Christopher Frank Capuano (born August 19, 1978) is an American former professional baseball pitcher whose professional playing career spanned from 2000 through 2016. He played in Major League Baseball (MLB) for the Arizona Diamondbacks, Milwaukee Brewers, New York Mets, Los Angeles Dodgers, Boston Red Sox, and New York Yankees, and was an All Star in 2006.

Early life
Capuano graduated from St. Thomas School in West Springfield, Massachusetts. Four years later, Capuano was the valedictorian of his class at Cathedral High School in Springfield, Massachusetts and went on to earn a degree in Economics at Duke University, where he earned membership in Phi Beta Kappa. He was also a member of the Xi chapter of Alpha Tau Omega fraternity. In 1997 and 1998, he played collegiate summer baseball with the Cotuit Kettleers of the Cape Cod Baseball League, and returned to the league in 1999 to play for the Bourne Braves.

Professional career

Arizona Diamondbacks
Capuano was drafted by the Arizona Diamondbacks in the 8th round of the 1999 amateur draft (238th overall). He played with South Bend Silver Hawks of the Class A Midwest League in 2000 and the El Paso Diablos of the Class AA Texas League in 2001. He began 2002 with the Tucson Sidewinders of the Class AAA Pacific Coast League (PCL) and was 4–1 with a 2.72 ERA when, on May 17, he had Tommy John surgery and missed the rest of the season.

He made his MLB debut with the Diamondbacks on May 4, 2003, against the Atlanta Braves, picking up the loss in a two-inning appearance in extra innings. He made his first start on May 17 against the Pittsburgh Pirates, but only lasted 4 and  innings while allowing seven earned runs to take the loss. He was optioned back to the minors after that start and called back up for a spot start on July 9 against the San Diego Padres, where he worked seven innings, allowed only one unearned run and picked up his first victory. He returned to the minors after the appearance, where he made 23 starts for Tucson, with a 9–5 record and 3.34 ERA, earning him PCL All-Star honors. He returned to the Diamondbacks when rosters expanded in September and overall appeared in 9 games for them, with 5 starts, and was 2–4 with a 4.64 ERA.

Milwaukee Brewers

On December 1, 2003, Capuano was traded to the Milwaukee Brewers (along with Craig Counsell, Lyle Overbay, Junior Spivey, Jorge de la Rosa and Chad Moeller) for Shane Nance, Richie Sexson and minor leaguer Noochie Varner. He made 17 starts for the Brewers in 2004 and was 6–8 with a 4.99 ERA.

His 2005 season with the Brewers proved to be a break-out year as he posted 18 wins, the highest total for a Brewer since Teddy Higuera in 1987. He also led the National League in quality starts during the 2005 season. In 2006, Capuano continued his excellent pitching by taking over as the team's new ace with Ben Sheets injured and was named to the 2006 Major League Baseball All-Star Game as a replacement for Tom Glavine. Capuano, however, ended up with only 11 wins in 2006.

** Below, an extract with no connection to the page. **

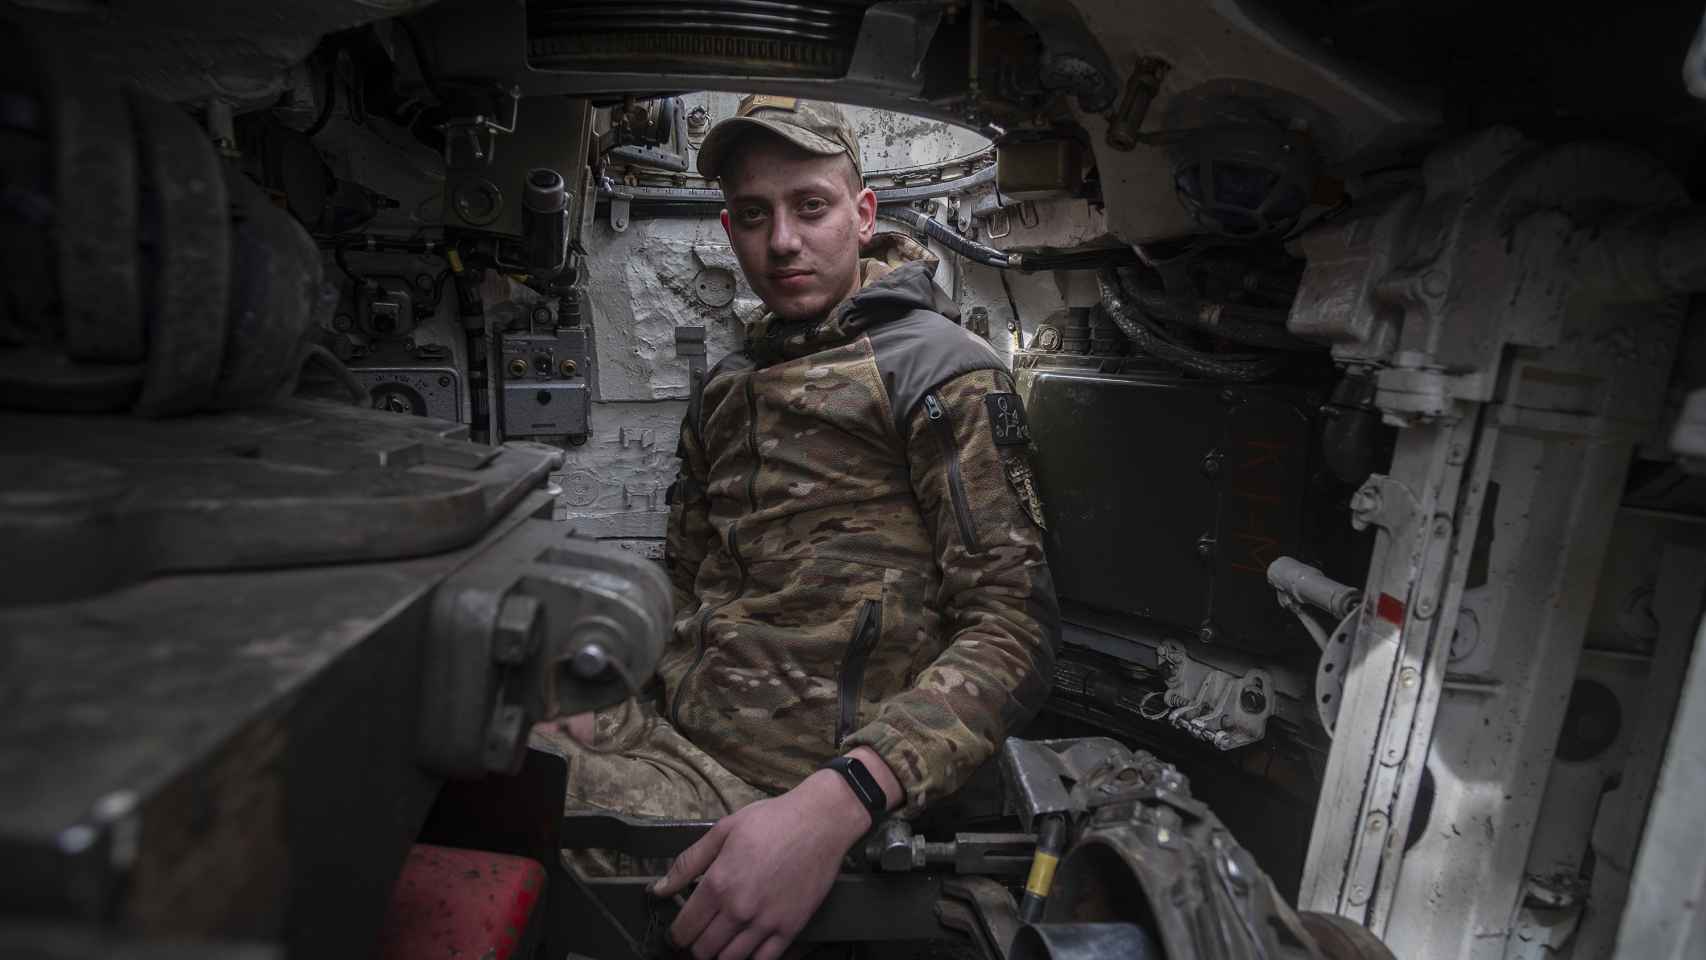 Gleb, el comandante del pieza, en su puesto dentro del carro T-72.

Capuano started the 2007 season 5–0 and then the Milwaukee Brewers lost the next 22 games Capuano pitched in from May 12 to September 28. In June he hit his first major league home run against the Florida Marlins.

Before the start of the 2008 season, he underwent Tommy John surgery for the second time in his career and missed the entire season.

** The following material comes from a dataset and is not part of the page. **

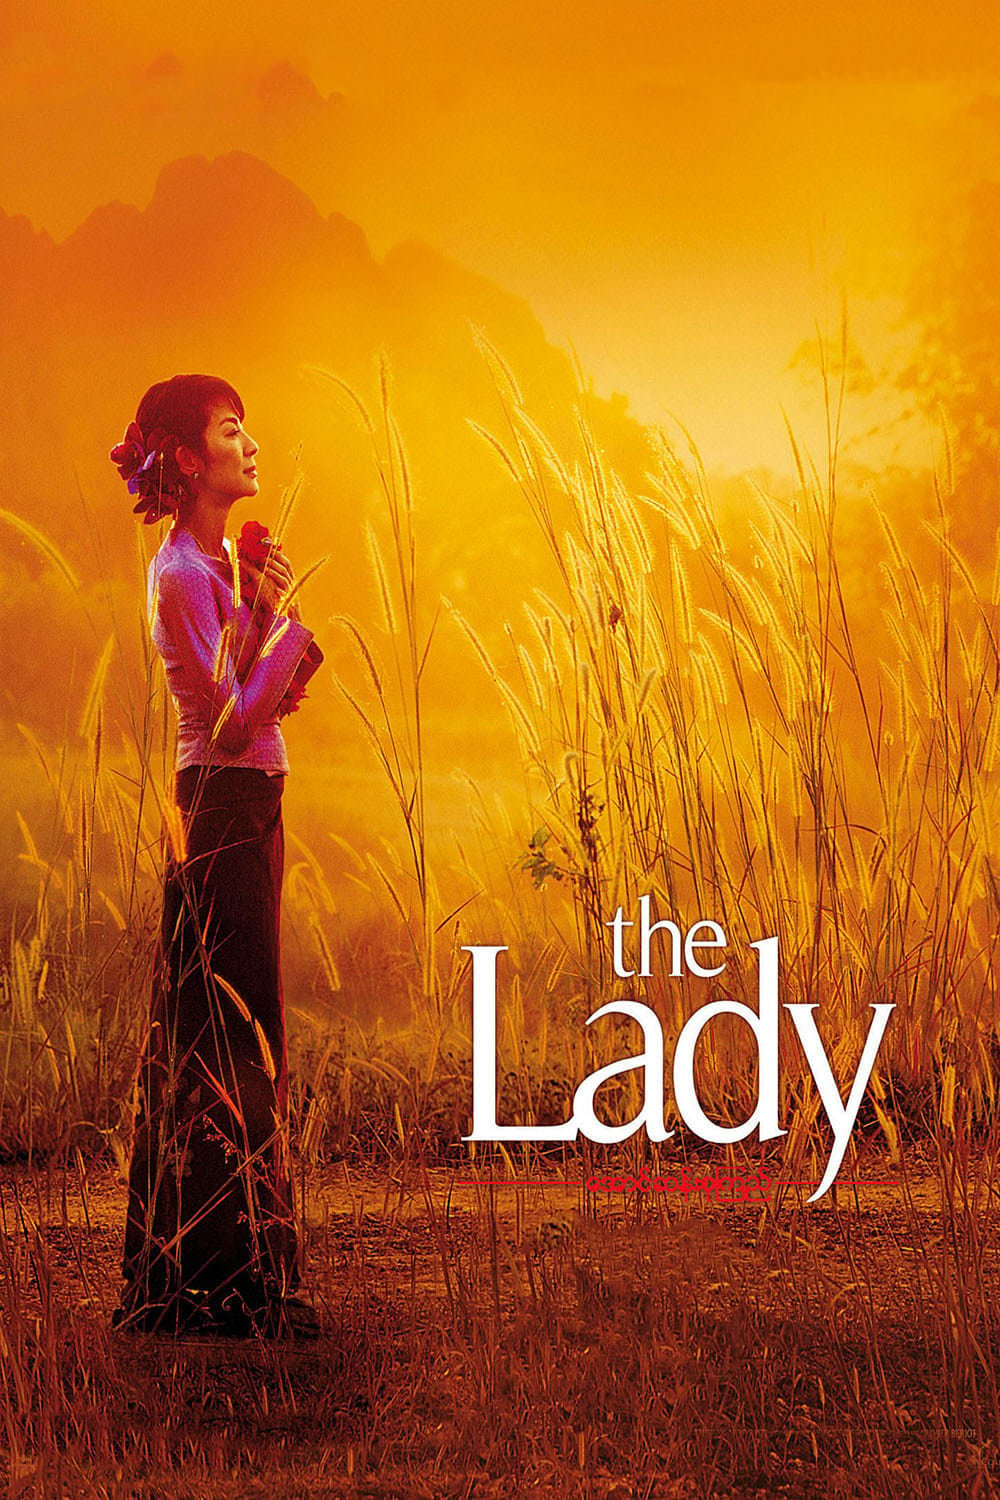 The Lady - Um Coração Dividido

The Brewers non-tendered Capuano following the 2008 season, making him a free agent but re-signed him to a minor league deal shortly after. Before the start of the 2009 season Capuano had hoped to start live game pitching in mid May, but was limited to a handful of games in the Brewers rookie leagues. After becoming a free agent at the end of the season, Capuano was re-signed to a minor league contract with the Brewers on November 23, 2009.

Capuano was invited to the Milwaukee Brewers' spring training for the 2010 season, but early on he complained of arm soreness and was placed in extended spring training. He would start the regular season with the Single A, Brevard County Manatees of the Florida State League. Capuano would only need 3 appearances with the Manatees before being promoted to the Triple A Nashville Sounds. In those 3 appearances, Capuano registered a 2–0 record with a 1.23 ERA and 17 strikeouts in 14 innings pitched. On May 28, 2010, Capuano made his final start for the Sounds, and was pulled after four innings. After the game, it was announced the Brewers had purchased his minor league contract and he was recalled to the majors.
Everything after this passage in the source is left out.